:: DATA SUPPLIED ::

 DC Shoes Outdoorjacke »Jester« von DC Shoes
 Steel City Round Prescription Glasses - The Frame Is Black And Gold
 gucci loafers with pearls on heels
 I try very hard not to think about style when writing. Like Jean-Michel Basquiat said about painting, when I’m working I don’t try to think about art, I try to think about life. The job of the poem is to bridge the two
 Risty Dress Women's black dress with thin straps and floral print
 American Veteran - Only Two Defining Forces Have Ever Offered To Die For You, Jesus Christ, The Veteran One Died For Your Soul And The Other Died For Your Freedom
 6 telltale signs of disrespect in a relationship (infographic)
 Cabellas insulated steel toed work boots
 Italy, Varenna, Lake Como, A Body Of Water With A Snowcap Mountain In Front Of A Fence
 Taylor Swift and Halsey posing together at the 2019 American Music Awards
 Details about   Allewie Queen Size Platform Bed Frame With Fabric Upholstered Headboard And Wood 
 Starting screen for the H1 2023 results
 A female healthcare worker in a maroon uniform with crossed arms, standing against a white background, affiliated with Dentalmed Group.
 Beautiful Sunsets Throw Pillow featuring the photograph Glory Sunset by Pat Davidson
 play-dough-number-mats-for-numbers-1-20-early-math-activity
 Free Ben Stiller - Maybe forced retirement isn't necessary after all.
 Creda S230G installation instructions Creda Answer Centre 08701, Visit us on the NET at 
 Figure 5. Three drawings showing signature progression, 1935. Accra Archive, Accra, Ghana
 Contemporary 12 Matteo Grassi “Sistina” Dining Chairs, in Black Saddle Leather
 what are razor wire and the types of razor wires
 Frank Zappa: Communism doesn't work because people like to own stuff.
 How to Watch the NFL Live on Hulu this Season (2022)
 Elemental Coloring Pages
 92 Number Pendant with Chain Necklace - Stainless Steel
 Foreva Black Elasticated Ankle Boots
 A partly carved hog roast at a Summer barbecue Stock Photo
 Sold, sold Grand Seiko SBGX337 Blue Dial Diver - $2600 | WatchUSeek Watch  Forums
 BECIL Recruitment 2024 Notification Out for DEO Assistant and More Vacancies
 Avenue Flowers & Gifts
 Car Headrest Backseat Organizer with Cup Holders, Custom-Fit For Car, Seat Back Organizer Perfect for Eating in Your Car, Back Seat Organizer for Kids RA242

:::

INSTRUCTIONS TO FOLLOW
Please restate only the opening stretch of the records above: every line from the first through the one containing "Frank Zappa: Communism", exactly as written.

RESULT FOR THIS EXERCISE
 DC Shoes Outdoorjacke »Jester« von DC Shoes
 Steel City Round Prescription Glasses - The Frame Is Black And Gold
 gucci loafers with pearls on heels
 I try very hard not to think about style when writing. Like Jean-Michel Basquiat said about painting, when I’m working I don’t try to think about art, I try to think about life. The job of the poem is to bridge the two
 Risty Dress Women's black dress with thin straps and floral print
 American Veteran - Only Two Defining Forces Have Ever Offered To Die For You, Jesus Christ, The Veteran One Died For Your Soul And The Other Died For Your Freedom
 6 telltale signs of disrespect in a relationship (infographic)
 Cabellas insulated steel toed work boots
 Italy, Varenna, Lake Como, A Body Of Water With A Snowcap Mountain In Front Of A Fence
 Taylor Swift and Halsey posing together at the 2019 American Music Awards
 Details about   Allewie Queen Size Platform Bed Frame With Fabric Upholstered Headboard And Wood 
 Starting screen for the H1 2023 results
 A female healthcare worker in a maroon uniform with crossed arms, standing against a white background, affiliated with Dentalmed Group.
 Beautiful Sunsets Throw Pillow featuring the photograph Glory Sunset by Pat Davidson
 play-dough-number-mats-for-numbers-1-20-early-math-activity
 Free Ben Stiller - Maybe forced retirement isn't necessary after all.
 Creda S230G installation instructions Creda Answer Centre 08701, Visit us on the NET at 
 Figure 5. Three drawings showing signature progression, 1935. Accra Archive, Accra, Ghana
 Contemporary 12 Matteo Grassi “Sistina” Dining Chairs, in Black Saddle Leather
 what are razor wire and the types of razor wires
 Frank Zappa: Communism doesn't work because people like to own stuff.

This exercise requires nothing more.